In the Senate we have Elise Stefanik recently seen at the Southern border with the ole boy’s club to protest changing Title 42 to allow refugees to enter America now that COVID restrictions have been lifted. She’s One-of-the-Boys Barbie, Wasted Ivy League Education Barbie, Toady Barbie, or Sycophant Barbie (take your choice).
And we have possibly the craziest Barbie of all, the endlessly mouthy and clueless Marjorie Taylor Greene – Conspiracy Barbie, Unfiltered Barbie, Lower-Class Barbie, Gun Toting Barbie, Militia Moll Barbie, Rude Barbie, Twisted Barbie. Marjorie Taylor Greene was in court this week claiming that she did not remember saying things that are clearly documented in texts from the phone of Mark Meadows, Trump’s Chief of Staff. Doesn’t she realize that claiming not to remember something when you do is perjury if it can be proven that you still hold this in memory. The brain may be a black box that does not allow us to see inside it, but MTG is not the sharpest tool in the shed. Some tricky lawyer or judge may be able to trip her up and she will be caught lying.
While it might be good for young children to be able to create some Crazy Barbies of their own; these ‘girls’ do not belong in Congress. The world is a complicated place and treating governing like it is entertainment means that the needs of those who live in our society will not be met.
Melinda Gates, a very Smart Barbie, wrote a book called The Moment of Lift: How Empowering Women Changes the World. In this book she describes the work the Gates Foundation was doing in Africa, India, and Asia.

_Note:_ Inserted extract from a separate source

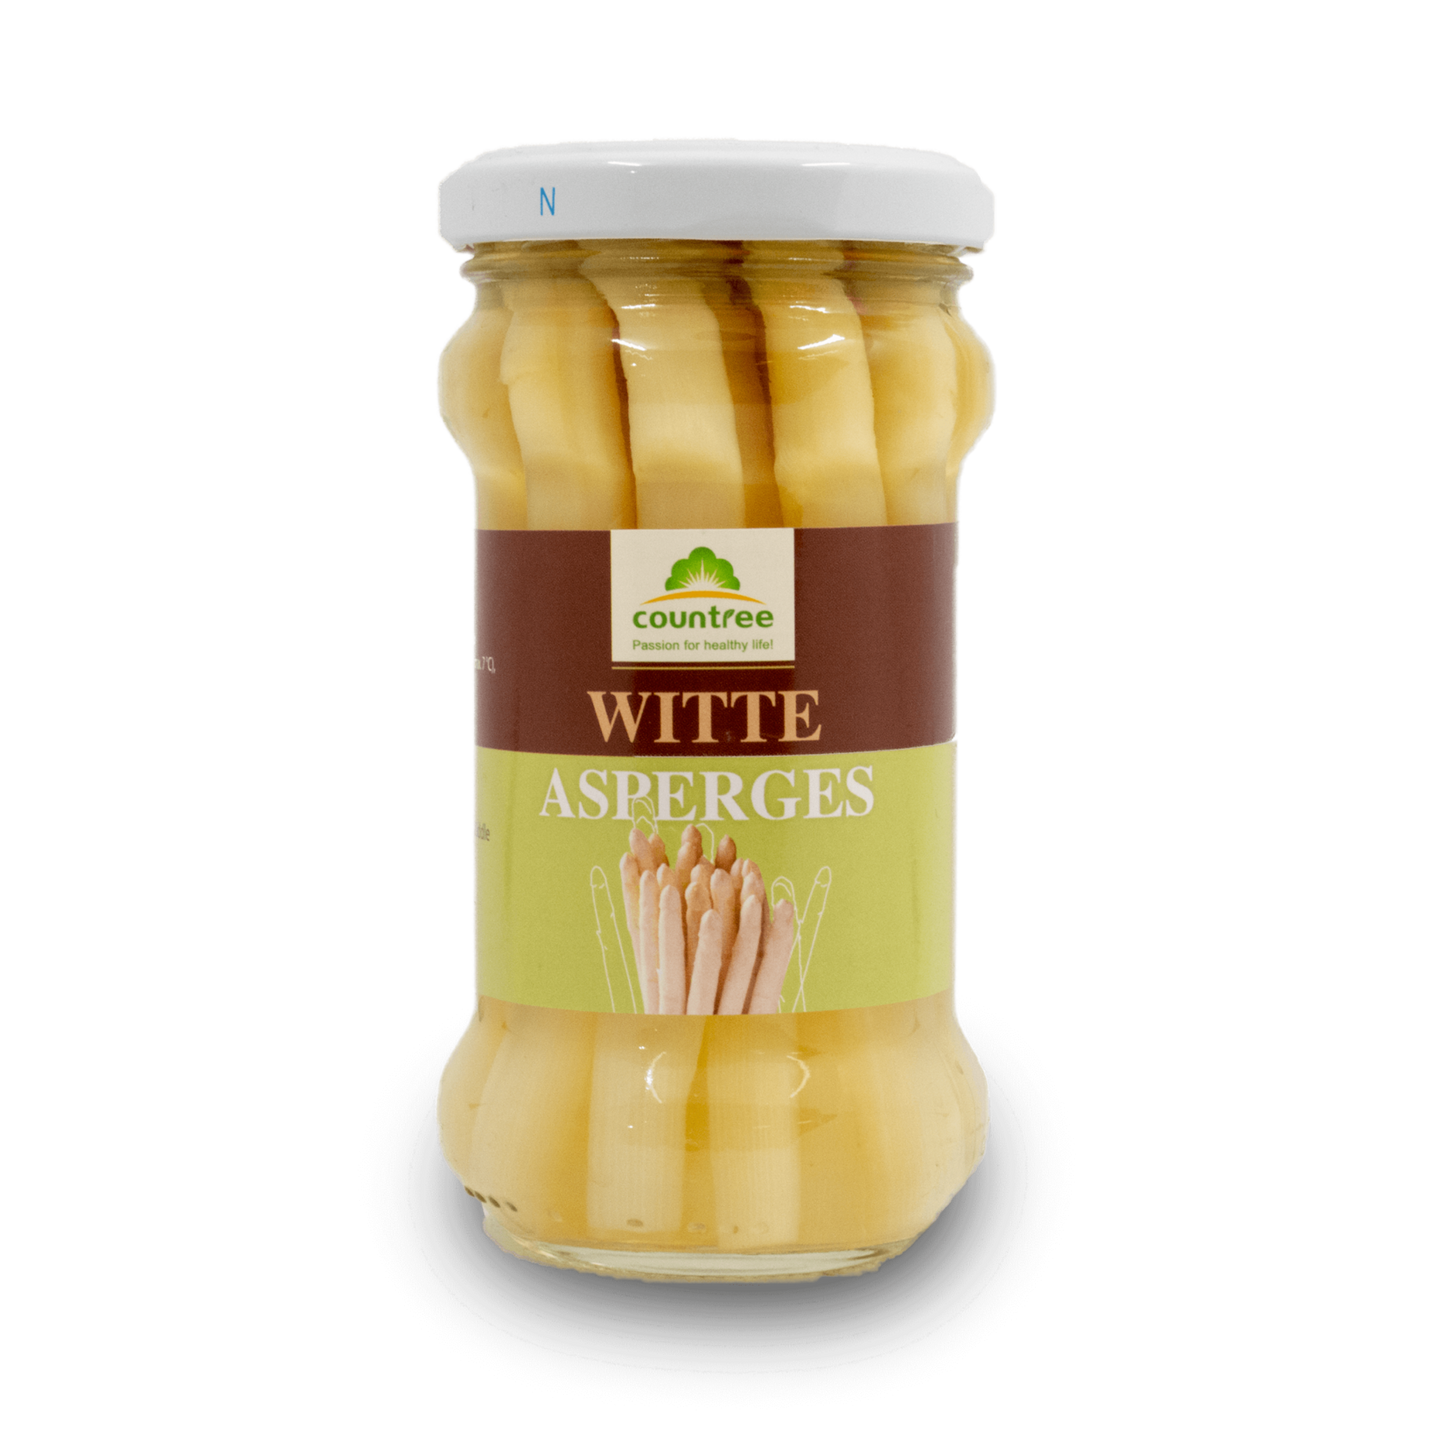 COUNTREE Witte Asperges

It began as a fight against malaria, it morphed into an attempt to vaccinate against diseases that decimated developing nations at times, but it ended with what the women needed most, contraception. Women who are always pregnant cannot contribute to the economics of the family, they suffer from early aging and birth related maladies, they may die prematurely. The family cannot support all the children who are born. At first male pride turned this into an uphill battle, but as women were able to help their husbands with farming or begin a microbusiness that brought extra income into the family, as the family began to thrive, the husbands came on board and also embraced contraception. Contraception was more effective than even vaccinations for lifting families out of poverty, although both are now available.
The Crazy Barbies claim to be religious. They are certain that contraception is against God, and that abortion under any circumstances is murder. This does not seem to be what we mean when we speak of faith. Having faith that you know God’s mind, that you can judge for everyone what the Christian religion considers right and wrong by reading an ancient text that did not ever claim to come directly from God is not the same as accepting that there is a God and trying to live according to what we know about God’s laws as individuals. These arrogant women also assume that Christian laws should govern all Americans, although all Americans are not Christian. While it may be entertaining to assign character names to the newest batch of Crazy Barbies, the real point is to demonstrate that they are too biased and not serious enough to take part in our American government. They are an embarrassment, and we should make sure they get voted out of office.